Пути и лица. О русской литературе XX века | страница 67
Возвращаясь же к поэзии зарубежья, где взаимодействие традиции и авангарда шло, прежде всего (как доминирующая тенденция), под знаком приверженности традиции, замечу, что очевидным «исключением из правила» была, конечно, М.Цветаева, чья поэзия 1920-х годов явно выламывалась из этой тенденции. Это тогда же заметил Ходасевич, указавший (в рецензии на сказку «Молодец», 1925 г.) на особую роль «заумной» стихии у Цветаевой [129]. Эта же тяга к усложнению средств поэтического выражения, внимание к опыту авангарда заметны во многих произведениях Цветаевой 1920-х годов — скажем, в «Крысолове» (1925), где в уста Флейты не случайно вложена мысль — основная для футуристов-заумниково верховенстве звука над смыслом:
«Словарю — / Смыслов нищему корчмарю, / Делу рук — / Кто поверит, когда есть звук: / Царь и жрец». Не случайно и записанное Цветаевой в 1925 году размышление о зашифрованности стиха и о роли бессознательного в искусстве, сближающее ее творческую позицию с позицией Мандельштама и Кузмина в те же годы и с устремлениями русского и европейского авангарда 1920-х годов (прежде всего, сюрреализма): «Есть вещи, которые можно только во сне. Те же — в стихах. Некая зашифрованность сна и стиха, вернее: обнаженность сна – зашифрованность стиха. Что-то от семи покрывал, внезапно сорванных. Под седьмым покрывалом — ничего: Ничто: воздух: Психея. Будемте же любить седьмое покрывало: “искусство”» [130].

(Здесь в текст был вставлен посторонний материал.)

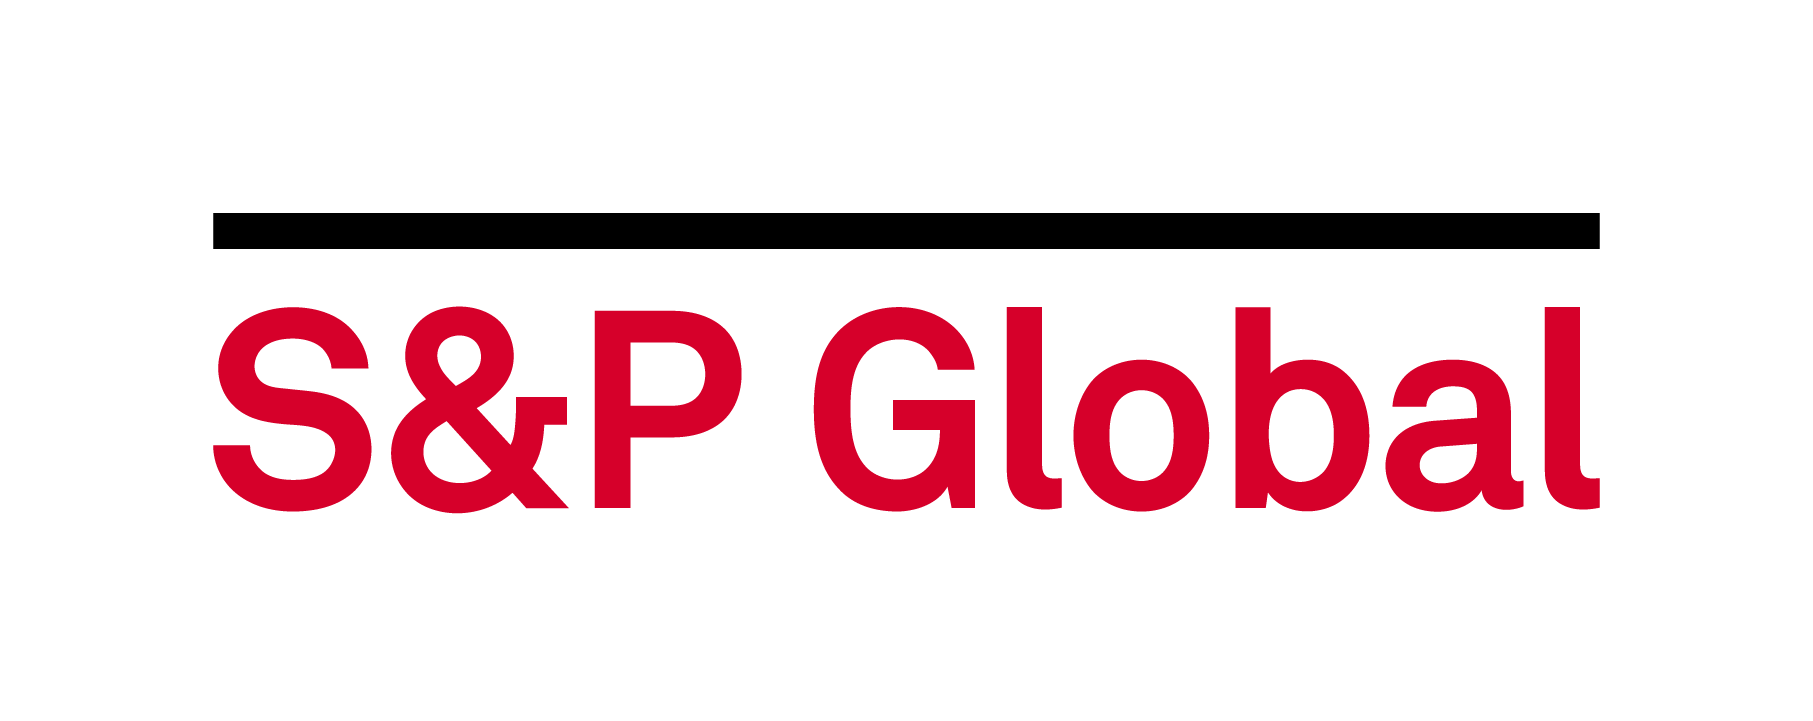 Компании s p. S&P Global. S&P Global Platts. S&P логотип. Standard poor's логотип.

При всей неслучайности возникновения противоположных векторов поэтического развития в России и в зарубежье, не только этим определялось соотношение двух путей русской поэзии в 1920-1930-е годы. Здесь явственно давали знать о себе черты родства, общности истоков, причастности к одному культурному наследию. Даже в 1920-е годы, в пору активизации радикальных литературных групп, ориентация на традицию, на классический русский стих оставалась и в России ведущим фактором поэтического развития.